3 Essential Muay Thai Guards You Should Master

Every Muay Thai practitioner needs a solid defense. This includes the obvious components like learning to block and move your head, but it also includes finding a good guard that you like to hold. It’s important to play with different guards to figure out a guard style that suits you and your fighting style. Even more important is giving yourself time to play with a few different types of guards to gain exposure to some of the various styles you might enjoy.

Not only is practicing various guards good for figuring out what you like and prefer, but it also gives you the ability to get skilled at more than one style, making you better able to adapt to your opponent. If you are looking to try out a new guard style to work on and eventually master, check out one of these:  


1) The Long Guard

The long guard looks like it sounds. It utilizes an elongation of your arms and gives you space and range from your opponent. It is ideal if you prefer to fight a bit more on the outside, and gives you space to find time to respond and react to your opponent’s movements and strikes. 


How To Perform The Long Guard:

  • While facing your opponent, lift your hands up towards your face. 
  • Rather than pulling your hands tight to your face, extend them out and away from your face and towards your opponent. 
  • Your lead hand will stretch further out ahead of your other hand toward your opponent, creating a frame for space.
  • Stay light on your feet so you can check or teep to defend incoming kicks while maintaining your long guard.


What The Long Guard Is Good For:

  • It gives you plenty of space to defend yourself. 
  • It lends well towards teeps and fighters who like to throw teeps.
  • It impairs your opponent’s line of sight, leading to striking opportunities for yourself.
  • It helps you maintain a solid base.

If you think you’d appreciate having some extra space from your opponent and are looking for a solid way to defend yourself, the long guard is certainly one you might want to spend time practicing and implementing. 


2) High And Tight Guard 

The tight guard, again, is easily explained by its name. This guard is marked by a tightness of the guard. It is excellent to use when your opponent is throwing a lot of overwhelming strikes and you are aiming to avoid getting hit while you work your way into a better position to return strikes. 
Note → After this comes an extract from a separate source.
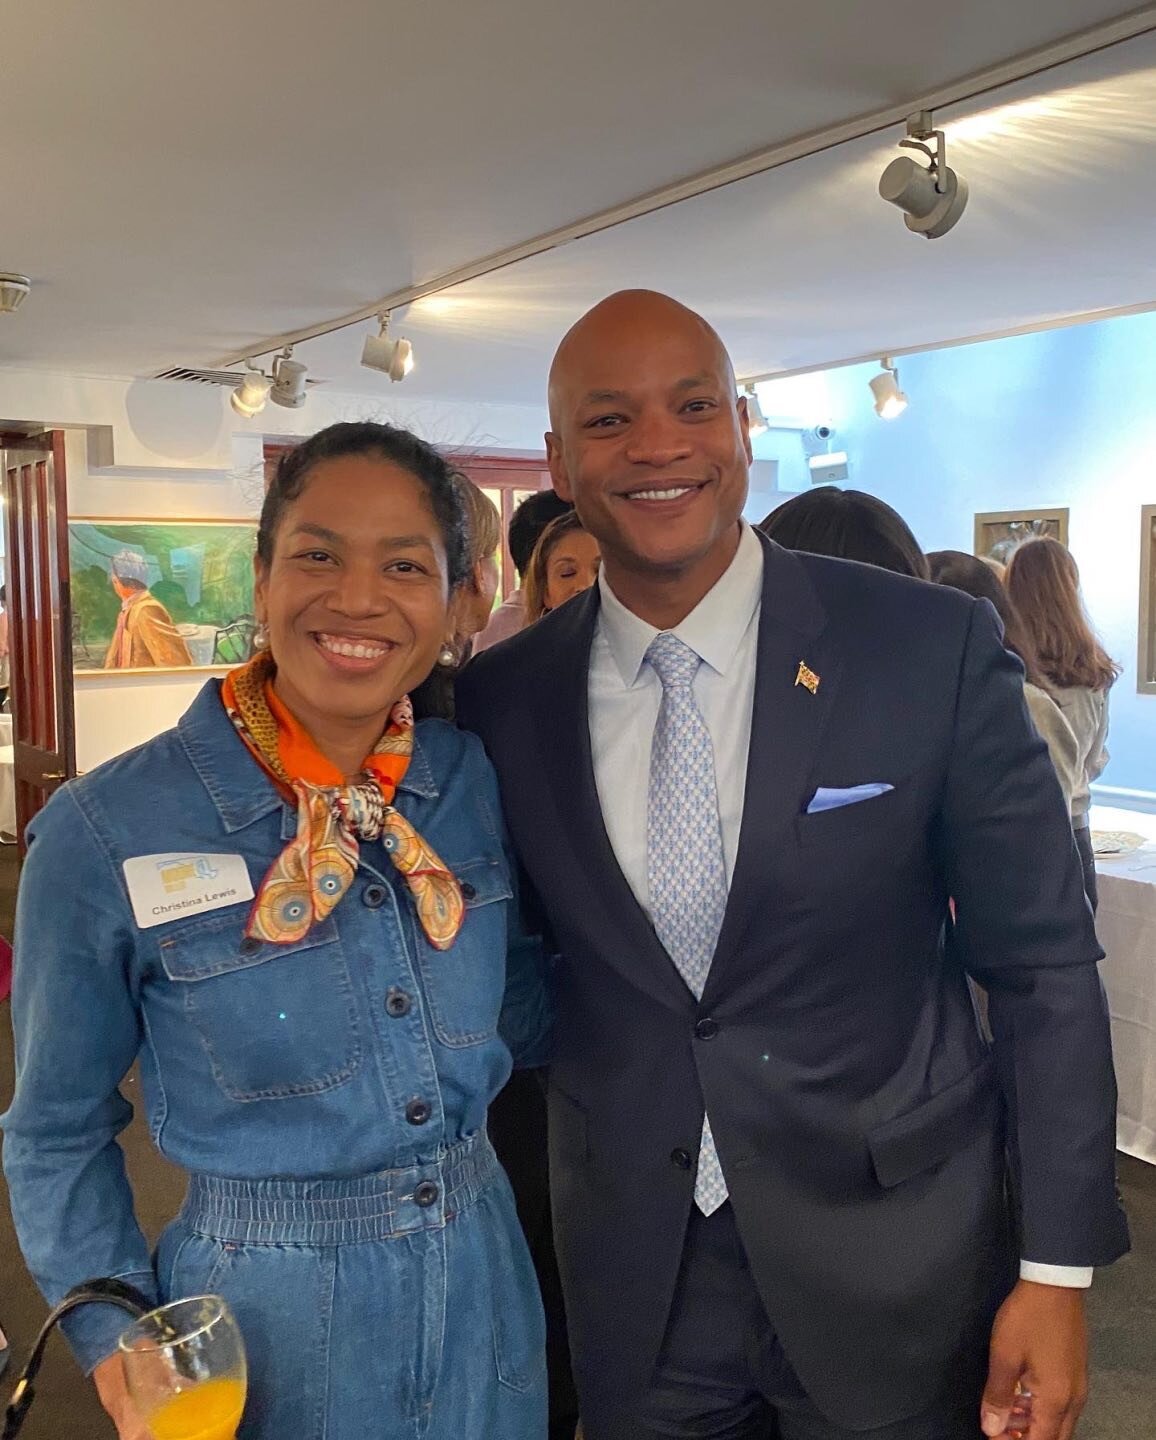 I woke up so happy today because Wes Moore was elected the first Black Governor of the great state of Maryland! Wes is the real deal. He's worked so hard and been so authentic for so long. I am confident he will be a great governor and bring investme

How To Do The High And Tight Guard:

  • Pick your hands up towards your face. 
  • Pull your hands in tight towards your face, aligning your elbows so they are vertically squared up towards your opponent. 
  • As your opponent throws strikes at you, maintain your tight guard and use your elbows to parry the incoming strikes. 
  • Utilize movement from your body to angle your guard towards your opponent’s strikes.


What The High And Tight Guard Is Good For:

  • It helps you to avoid damage from a heavy striker that has made their way to the inside.
  • It gives you a chance to avoid damage while working towards a better position or an opening for counterstrikes.
  • It’s great when an opponent suddenly rushes you and you need a quick defensive posture.


3) Hands Down 

rodtang hands down guard

This is a more advanced option for a guard, and one that should be approached and tried once you have a solid base and foundation in Muay Thai. The reason for this is that fundamentally, you want to keep your hands up and guarding your face. As such, this guard is an advanced option for Muay Thai athletes that have a good foundation in Muay Thai and are able to understand the risks of having and playing with their hands down. 

Beyond having a solid understanding of Muay Thai, this is a great guard for athletes who enjoy being elusive. It also tends to be a playful guard, so long as you keep your opponent at a good range while utilizing it.


How To Do The Hands Down Guard:

  • Keep your hands low in front of the truck of your body.
  • Allow your hands to float and move around at varying heights as needed, moving up into more of a “long guard” and back again.
  • Utilizing footwork and head movement to avoid strikes and be elusive as your opponent tries to strike you. 


What The Hands Down Guard Is Good For: 

  • It helps elusive fighters maintain their elusiveness. 
  • The lowered hands allow you to have a slimmer profile and move your body more quickly out of the way.
  • It makes for a fairly quick transition to the long guard, giving you options for transitioning from one guard to another. 
  • It’s a great way to get in your opponent’s head as you are overtly playing with (and bending) the “keep your hands up” rule.

If you like being elusive and playful and feel that you have good movement to avoid strikes, be sure to try out the Hands Down guard. 


Master These Guards

These three guards are all commonly used in Muay Thai. They all serve varying purposes and allow you to fight in varying ways. This is ideal as each person you go up against will have their unique style, requiring your unique response. Mastering more than one type of guard allows you to be a more diverse fighter as you can move between different guards. 

While the Hands Down Guard is an advanced guard, it’s still a guard worth exploring and playing with once you have a solid Muay Thai foundation. The Long Guard will help you to keep your range and block incoming kicks while also causing a distraction in your opponent’s line of sight. The High and Tight Guard is excellent for heavily pressuring opponents, especially if they are throwing a lot of punches. 

By mastering all three of these guards in your toolbox, you’ll have a well-rounded defensive posture and game to begin building your offense. If you haven’t yet found a favorite guard, or are starting to explore adding a new guard to your game, try out some of these guards.